Examples of the isoprene-based rubber include natural rubber (NR), isoprene rubber (IR), epoxidized natural rubber (ENR), and high-purity natural rubber (HPNR), and NR can be preferably used.

The content of the isoprene-based rubber in 100% by mass of the rubber component is 60% by mass or more, preferably 90% by mass or more, and may be 100% by mass. If it is less than 60% by mass, the fuel economy may not be sufficiently improved.

The rubber composition of the present invention may use other rubber components in addition to the isoprene-based rubber. Other rubber components include butadiene rubber (BR), styrene butadiene rubber (SBR), chloroprene rubber (CR), styrene isoprene butadiene rubber (SIBR), styrene isoprene rubber (SIR), and diene rubbers such as isoprene butadiene rubber. From the viewpoint of improving crack growth resistance and suppressing reversion, BR is preferable.

Although it does not specifically limit as BR, Although what is common in a tire industry can be used, Syndiotactic crystal containing butadiene rubber (SPB containing BR), Rare earth type butadiene rubber (rare earth type) synthesize | combined using the rare earth element type catalyst. It is preferable to use at least one selected from the group consisting of BR) and tin-modified butadiene rubber (tin-modified BR), and it is more preferable to use rare earth BR. As the rare earth BR, those synthesized using a rare earth element catalyst and having a vinyl content of 1.0% by mass or less (preferably 0.8% by mass or less) and a cis content of 95% by mass or more can be suitably used. .
In the present invention, the vinyl content (1,2-bonded butadiene unit amount) and the cis content (cis-1,4-bonded butadiene unit amount) are values measured by infrared absorption spectrum analysis.

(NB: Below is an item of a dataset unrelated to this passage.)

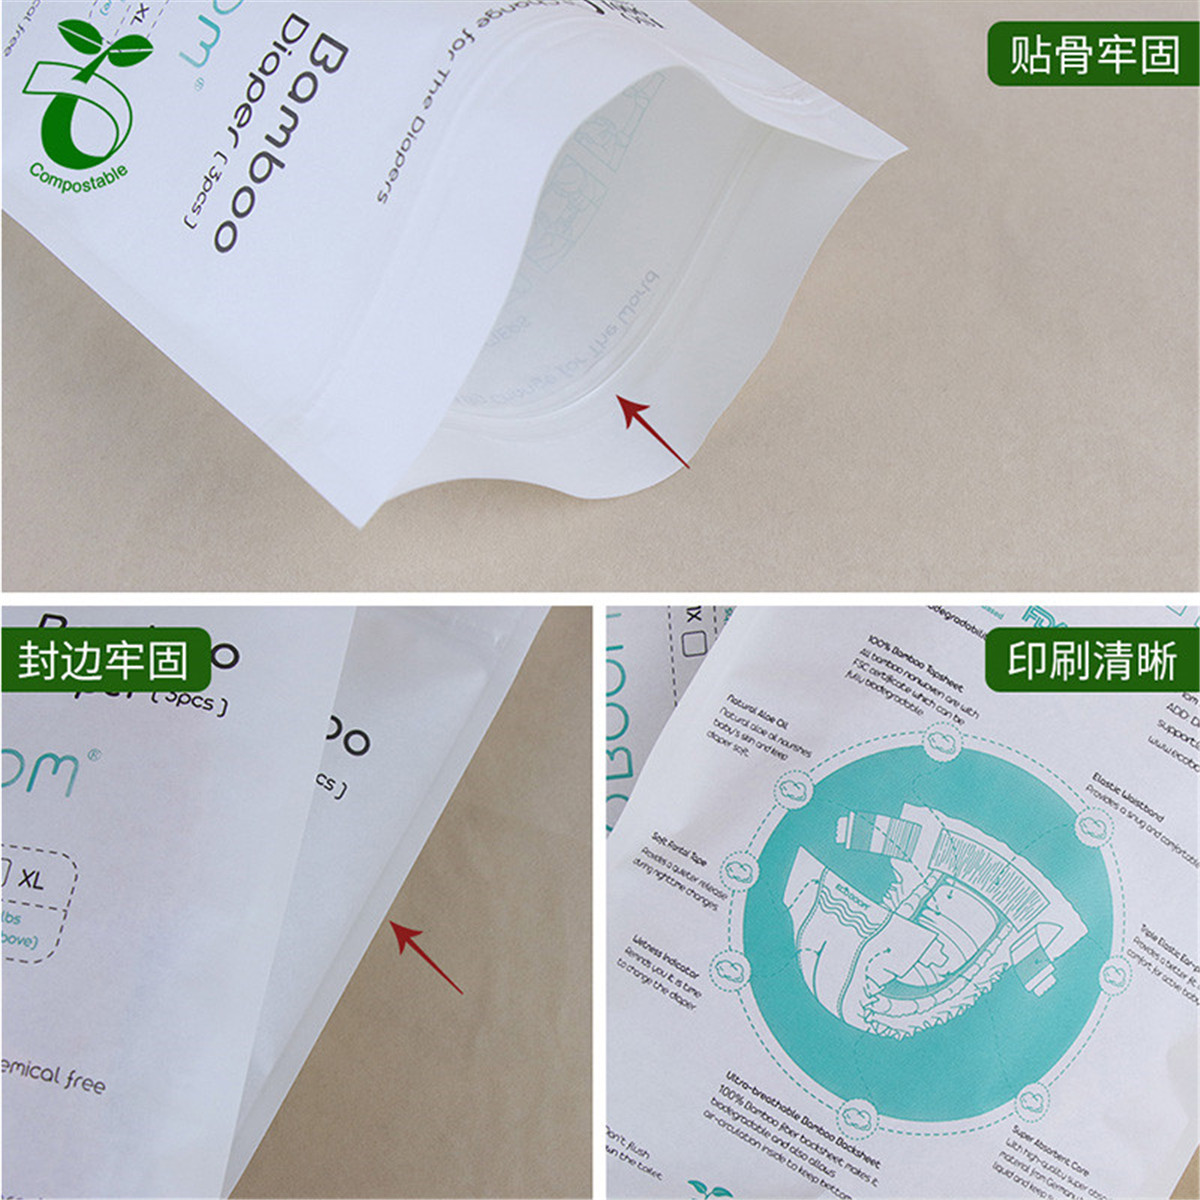 စိတ်ကြိုက်ပုံနှိပ်လိုဂို eco friendly kraft paper တံဆိပ်ခတ်နိုင်သော ဇစ်သော့အိတ် (၆)

When the rubber composition of this invention contains BR, content of BR in 100 mass% of rubber components becomes like this. Preferably it is 10-40 mass%, More preferably, it is 10-20 mass%.

The rubber composition of the present invention contains carbon black having a specific nitrogen adsorption specific surface area.

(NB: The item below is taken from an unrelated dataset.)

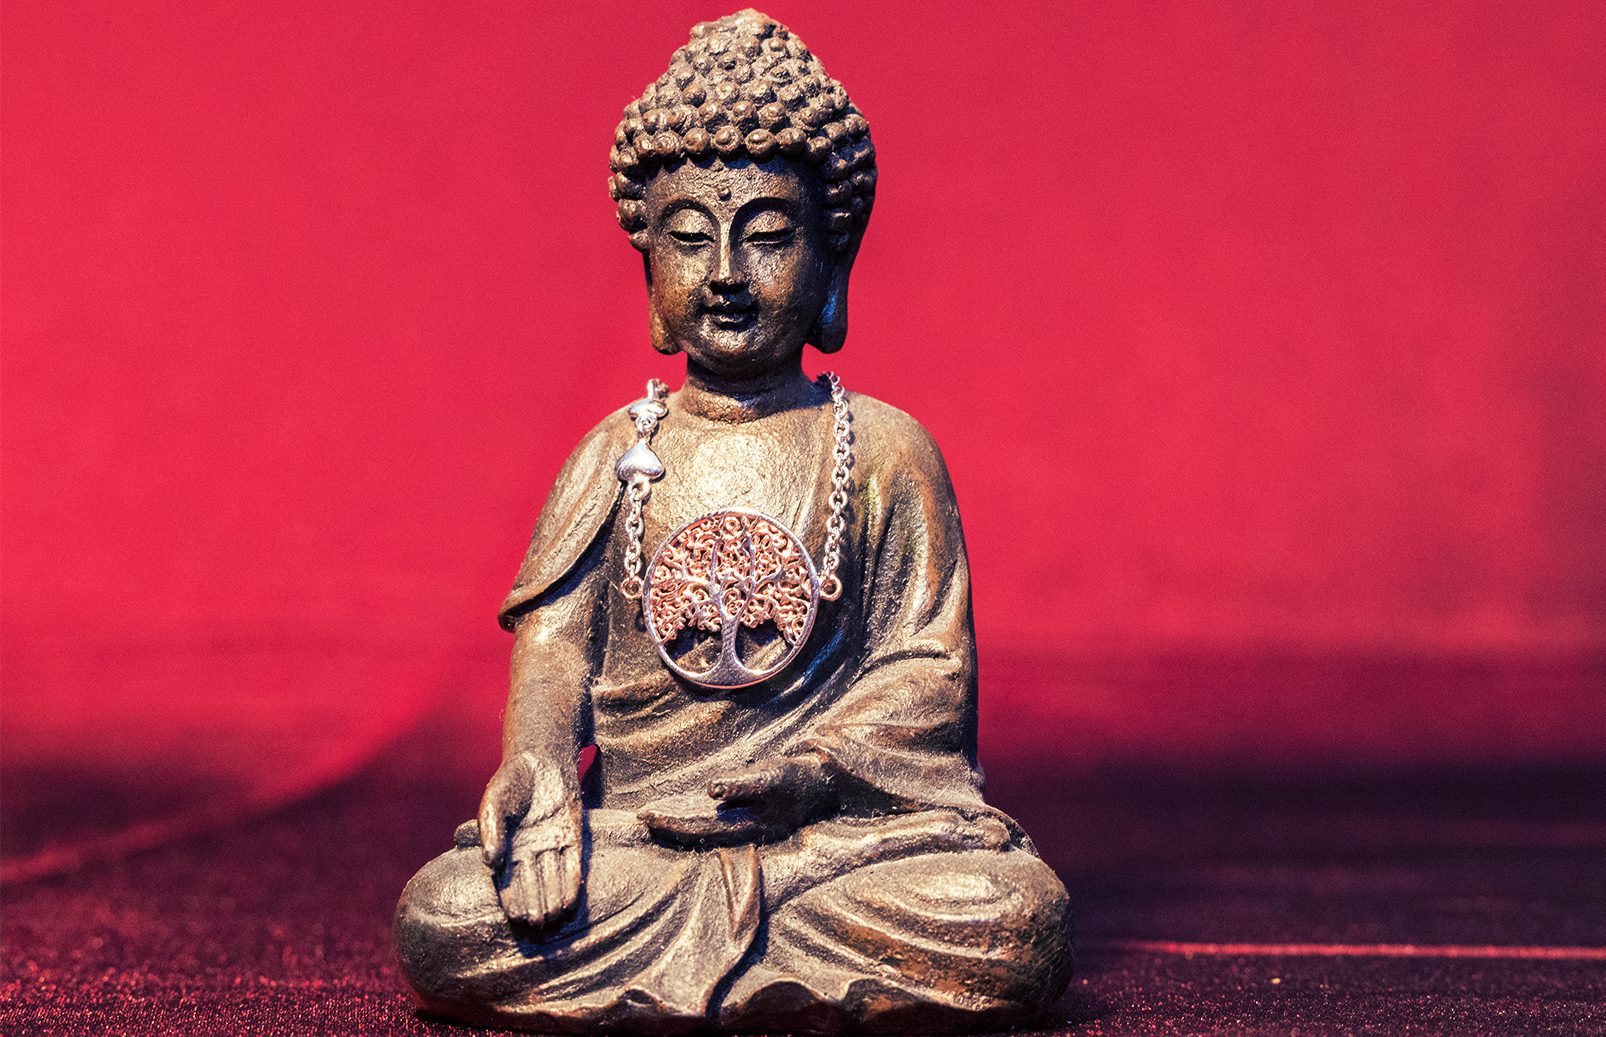 Produktfoto eines Lebensbaum-Armbands auf einer kleinen Buddha-Statue mit rotem Hintergrund

The nitrogen adsorption specific surface area (N ₂ SA) of carbon black is 20 m ² / g or more, preferably 30 m ² / g or more, more preferably 35 m ² / g or more. If it is less than 20 m < ² > / g, there exists a possibility that sufficient durability (Hs and breaking elongation) cannot be ensured. The N ₂ SA of the carbon black is 90 m ² / g or less, preferably 70 m ² / g or less, more preferably 55 m ² / g or less. If it exceeds 90 m ² / g, the heat generated from carbon black is increased, and the reaction with the compound represented by formula (I) is less likely to proceed, so that the fuel economy may not be sufficiently improved. is there.

Carbon black dibutyl phthalate (DBP) oil absorption is preferably 65cm ^3/100 g or more, more preferably 80 cm ^3/100 g or more. If it is less than 65 cm < ³ > / 100g, there exists a possibility that sufficient Hs and breaking elongation cannot be ensured. DBP oil absorption of carbon black is preferably 120 cm ^3/100 g or less. Exceeds 120 cm ^3/100 g, it may not be possible to secure sufficient fuel economy.

The pH of carbon black is preferably 7.9 or less, more preferably 7.8 or less, still more preferably 7.7 or less, and particularly preferably 7.6 or less. If it exceeds 7.9, the amount of acidic functional groups of carbon black is small, so the reactivity (interaction) with the compound represented by formula (I) is small, and there is a possibility that fuel economy and the like cannot be improved sufficiently. is there. The pH of the carbon black is preferably 3.0 or more, more preferably 3.5 or more. If it is less than 3.0, the pH of the rubber composition is lowered, whereby the activity of the vulcanizing agent is lowered and the crosslinking efficiency tends to be lowered.

The volatile content of carbon black is preferably 0.8% by mass or more, more preferably 0.9% by mass or more, and further preferably 1.0% by mass or more. If it is less than 0.8% by mass, the reactivity (interaction) with the compound represented by the formula (I) becomes small, and there is a possibility that the fuel efficiency cannot be sufficiently improved. The volatile content of carbon black is preferably 3.5% by mass or less, more preferably 3.0% by mass or less. If it exceeds 3.5 mass%, it is necessary to volatilize most of the volatile components in the vulcanization process and continue vulcanization until porosity does not occur. There is a tendency to get worse.

In this specification, the DBP oil absorption, pH, and volatile content of carbon black are values measured by JIS K6221 (1982), and N ₂ SA of carbon black is a value measured by the method described by JIS K6217 (2001).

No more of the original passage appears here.